* PROBLEM REQUIREMENTS *
Write out the whole listing exactly; no images belong in it.

--- DATA Enclosed Below ---

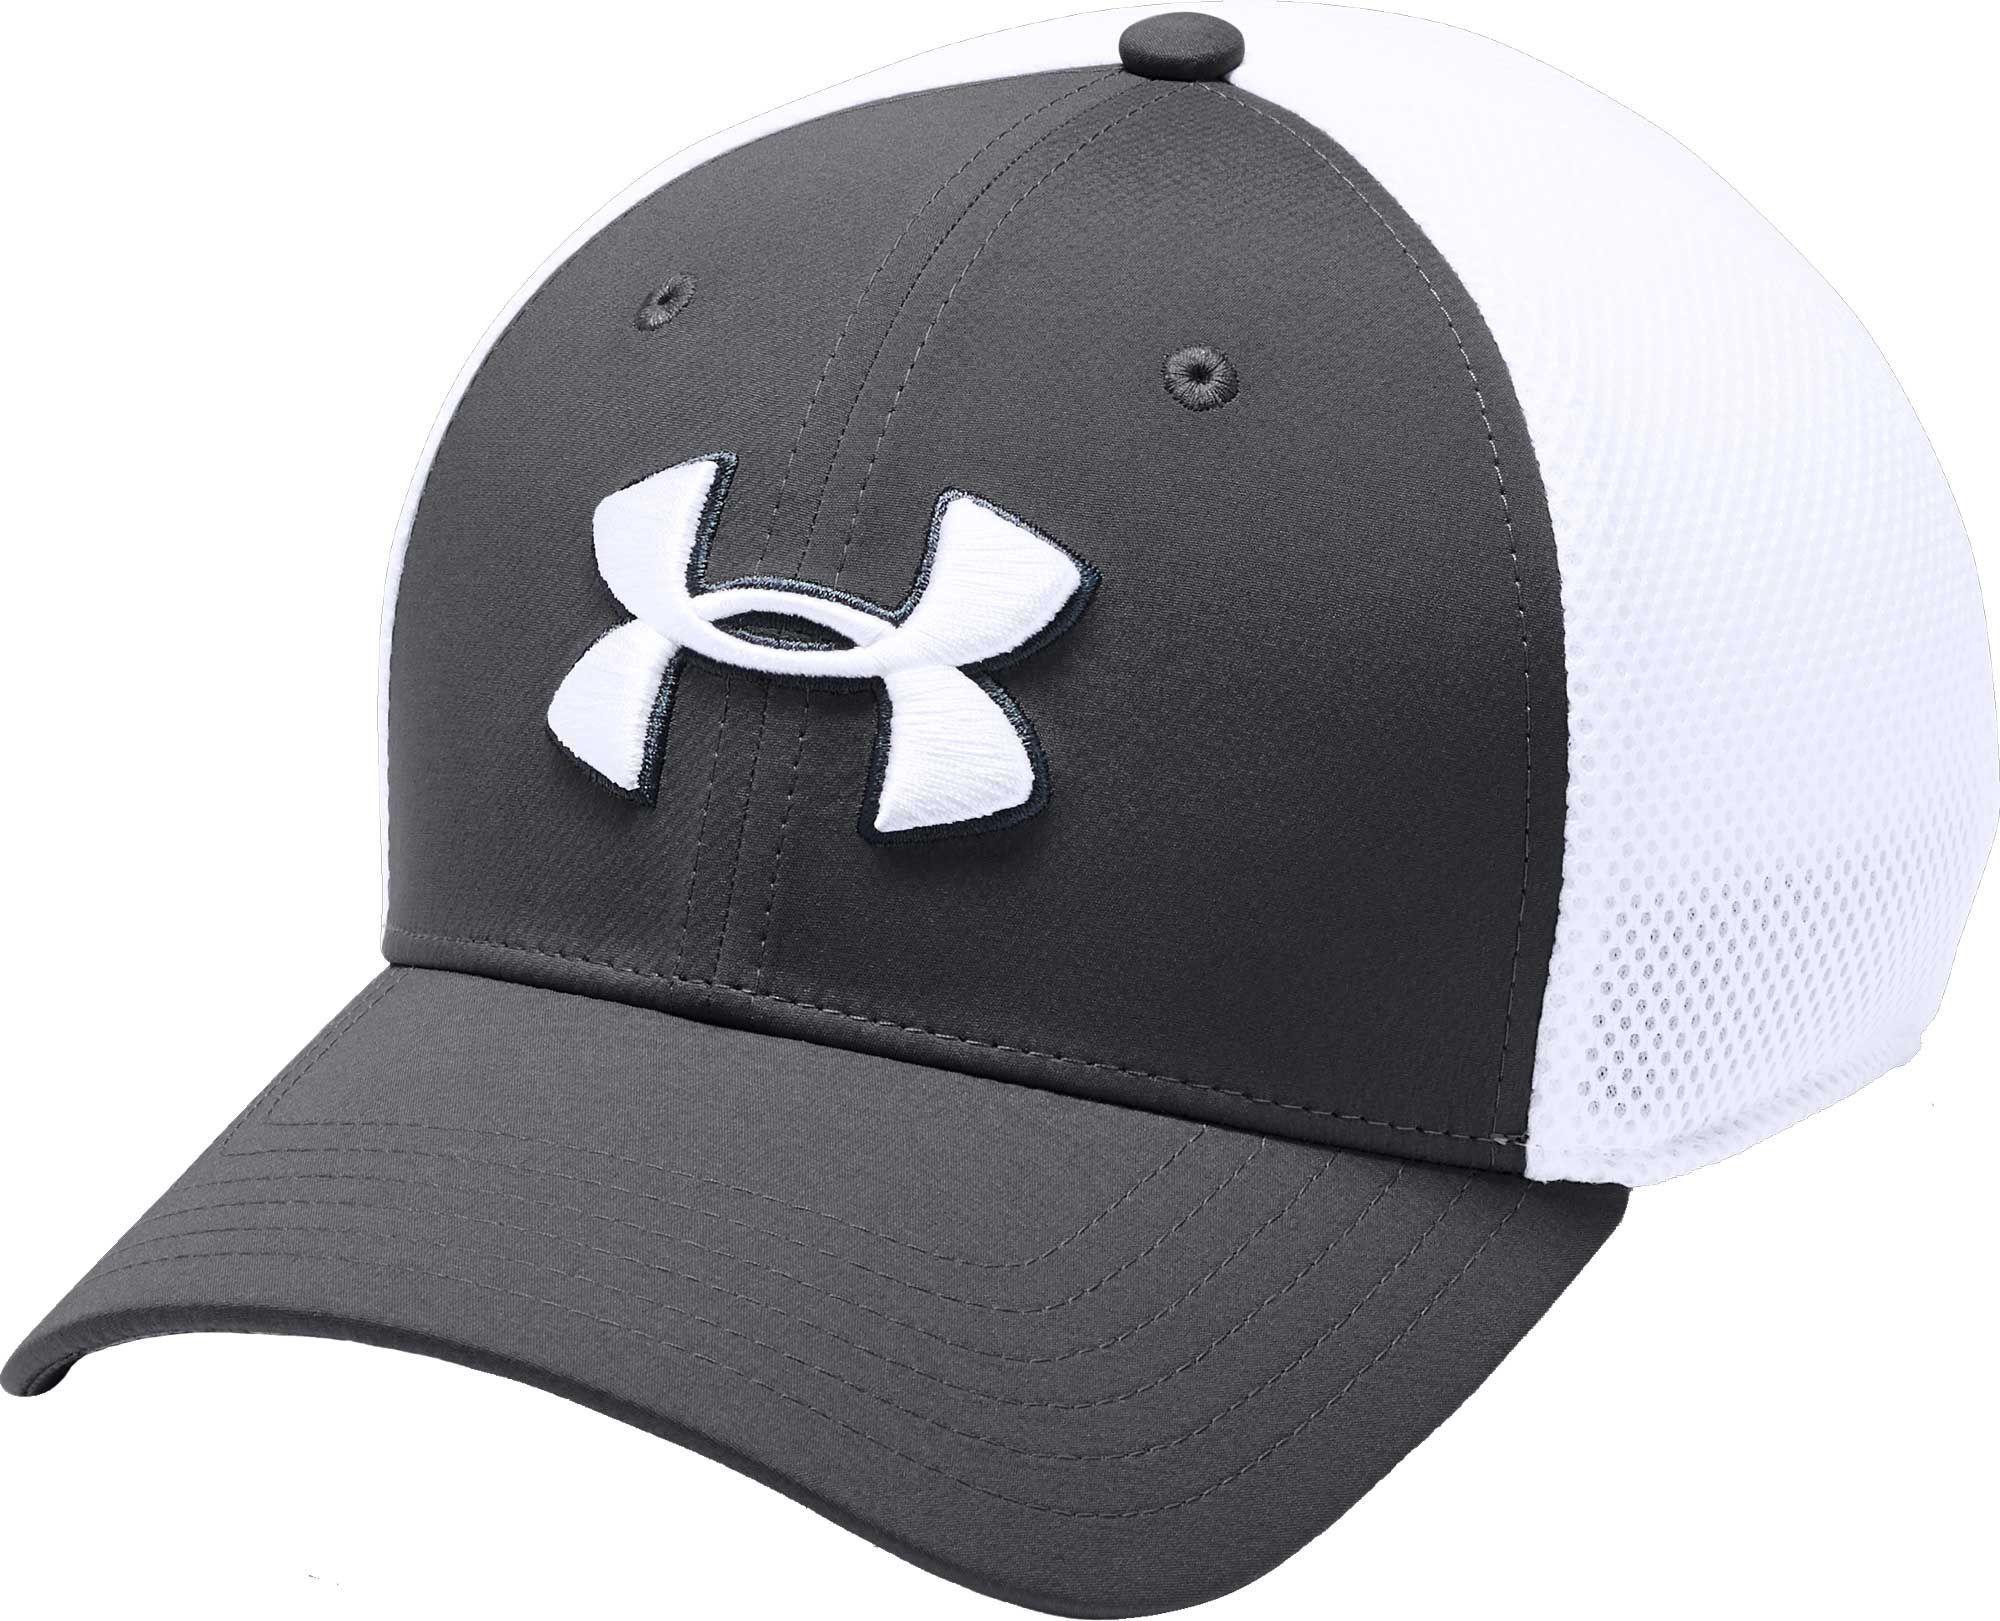 f270f63b5d1 Under Armour Men s Threadborne Mesh Golf Hat
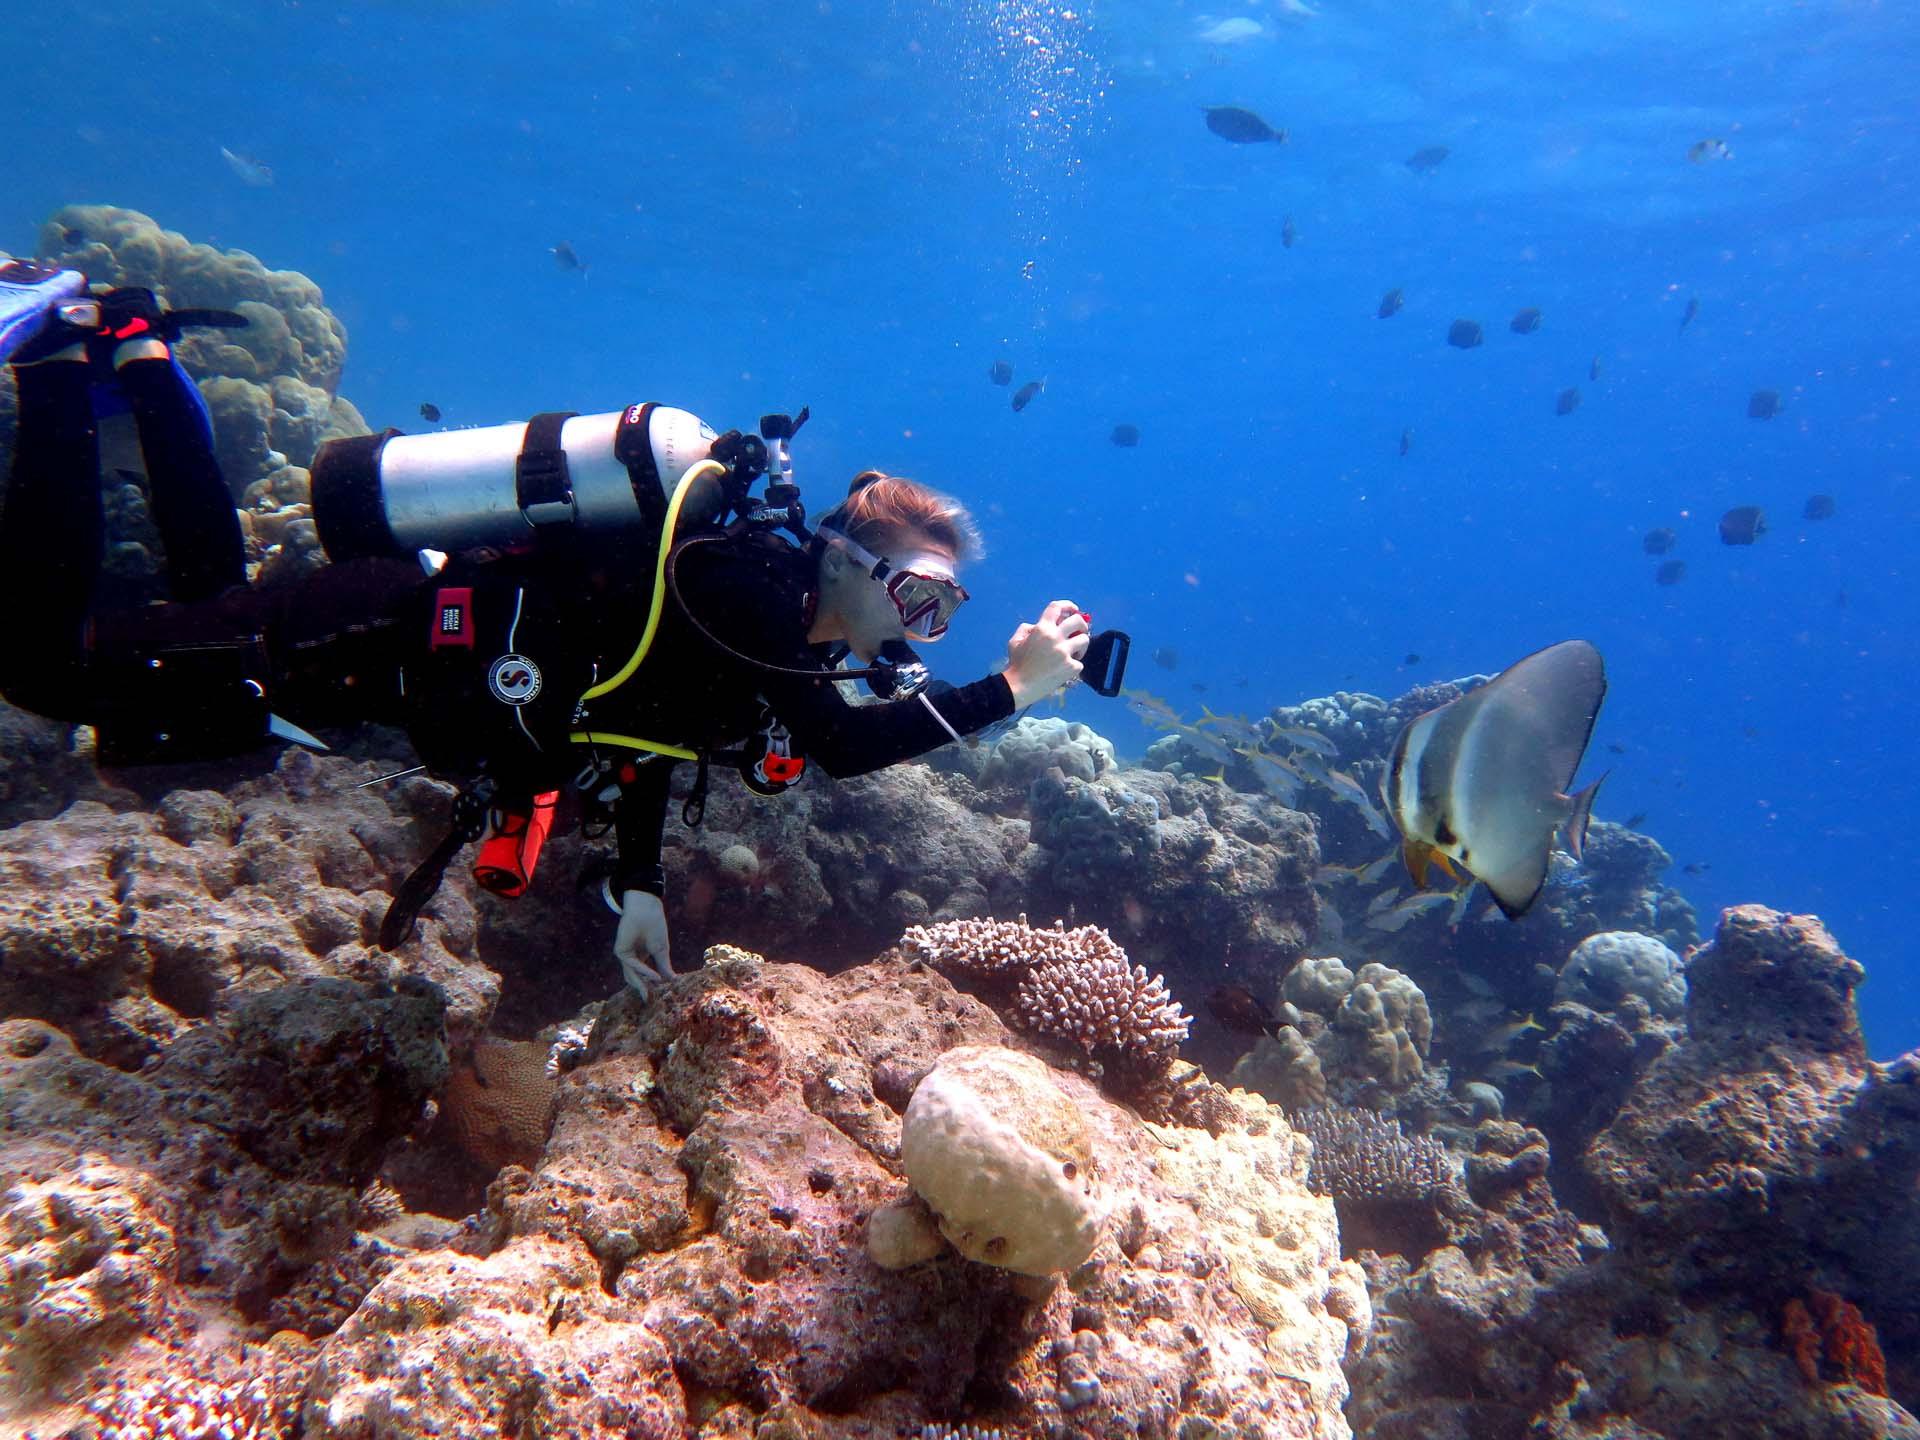 Seamarc Maldives Volunteering - wonderful natural coral reef
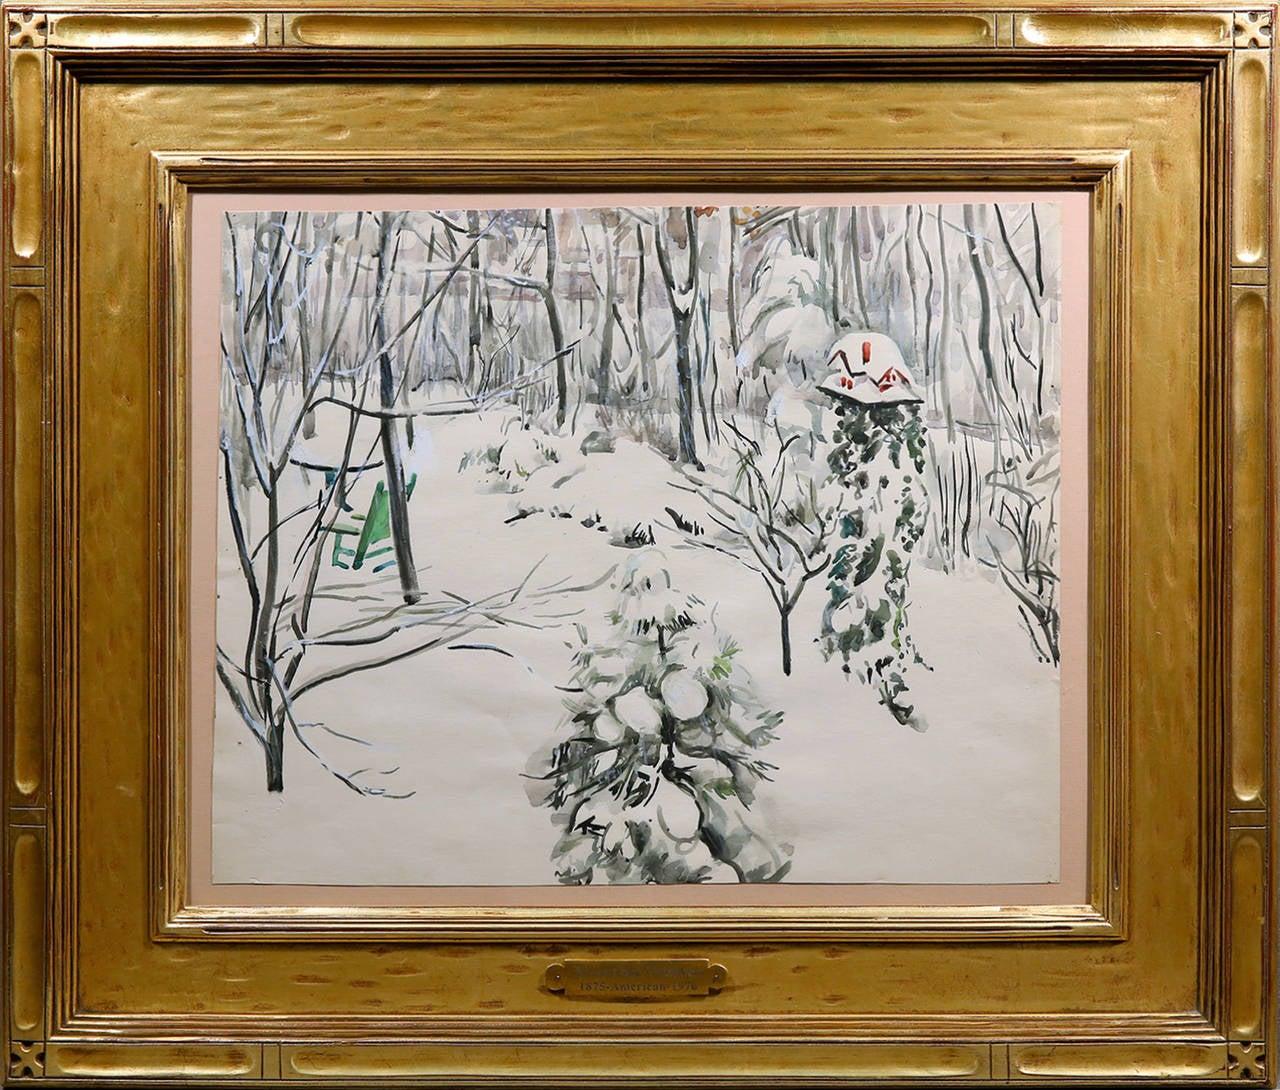 Martha Walter Landscape Art - Snow Scene

--- End of Enclosed DATA ---

* REPLY *
 f270f63b5d1 Under Armour Men s Threadborne Mesh Golf Hat
 Seamarc Maldives Volunteering - wonderful natural coral reef
 Martha Walter Landscape Art - Snow Scene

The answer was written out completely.